The highest difficulty in studies conducted with sarcomas is that randomized trials cannot be conducted because these cancers have an extremely low incidence and are a heterogeneous group of diseases. The statistically significant expression level of miR-218-5p in patient groups compared to the levels in healthy controls (p = 0.006) suggests that miR-218-5p is a diagnostically and prognostically important molecule in sarcomas. The ROC analysis results which shows the differentiation strength of miR-218-5p molecule of sarcoma patients from health individuals supports this result with a statistical significance (p = 0.003). However, the analysis shows that the miR-218-5p is an effective molecular mechanism in the oncogenesis of sarcomas, and both miR-218-5p and the proteins with which this molecule interacts should be further investigated in future studies.

In our study, the expression level of miR-218-5p in the peripheral blood of a 16-year-old patient with osteosarcoma was investigated, starting from the diagnosis and during the different stages of treatment for the first time, and the expression level of miR-218-5p in peripheral blood was shown to have varied during treatment depending on the treatment. This change and the follow-up of miR-218-5p during treatment can be used to monitor the disease and determine the prognosis. In addition, obtaining of very close values with the miR-218-5p expressions in the peripheral blood of the patient while the resection of tumor tissue showed that the investigation of the molecule in the peripheral blood was as valuable as investigation in the tumor tissue, and peripheral blood samples may be used instead of the tumor tissue in this group of patients. However, the demonstration of these findings in large patient groups where a greater number of patients are followed-up will increase the value of this finding. All these results suggest that miR-218-5p may be both a diagnostic and prognostic non-invasive biomarker.

The STRING analysis revealed that there were much more significant interactions for miR-218-5p than the expected. Various genes such as ABI1, ABI2, and WASF3 that have roles particularly in the regulation of the cell morphology and cell skeleton organization were shown among the target genes of miR-218-5p. The ABI1 gene was shown to have played a role in tumor invasion and metastasis in breast cancer in a study conducted in 2021 (Regua et al., 2021). WASF3 expression has been reported to have positive correlation with poor prognosis in stomach cancer patients (Nie et al. 2019). Such an interaction detected for miR-218-5p indicates that the proteins are at least partially biologically connected as one group and are associated with invasion.
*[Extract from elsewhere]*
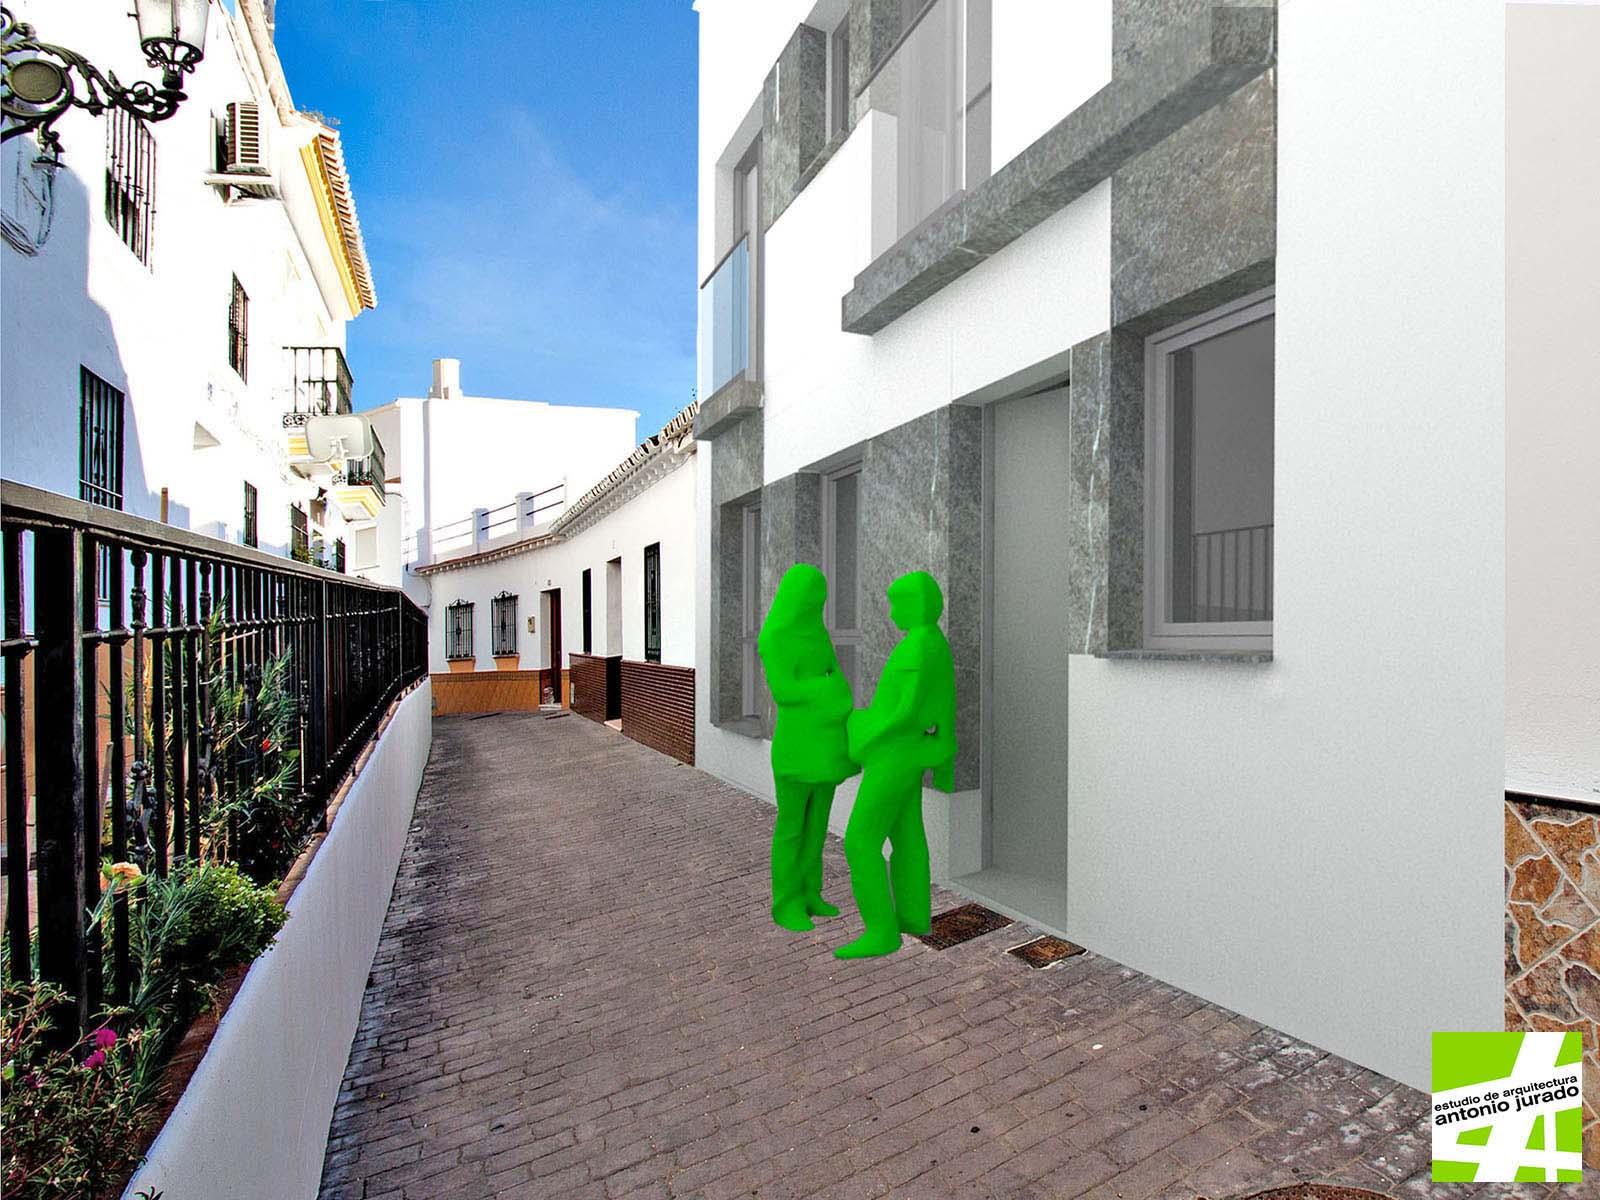 casa-ra-house-torrox-malaga-antonio-jurado-arquitecto-03

The expression level of miR-218-5p, which was investigated in the blood and tumor tissue within the scope of the study showed that it has a high diagnostic value in tissue in Ewing’s sarcoma, osteosarcoma, and may be both a therapeutic and prognostic marker. Since they are rare tumors, the small number of patients constitutes the limitation of the study. Another difficulty in the study was that most patients lived out of Istanbul city, and pursued their treatment in the hospitals of their hometown after surgical procedure. Therefore, no peripheral blood samples during treatment and follow up could be obtained.

In conclusion, miRNAs have the potential to be promising therapeutic targets in sarcomas due to their critical role in various biological processes. Our study results suggest that the higher miR-218-5p expression in patients with sarcoma before treatment acts as an oncogene. In the study, the expression level of miR-218-5p changed depending on the treatment in the peripheral blood sample examined at the time of diagnosis, during the operation, and after the 1st and 4th cycles of chemotherapy in a patient with osteosarcoma, suggesting that this change can be used in the follow-up of a treatment and in determining the prognosis.

Ethics Approval

The ethics committee approval of the study was obtained from the Clinical Research Ethics Committee in Istanbul University, Istanbul Faculty of Medicine dated 02.07.2020 with nu: 74742.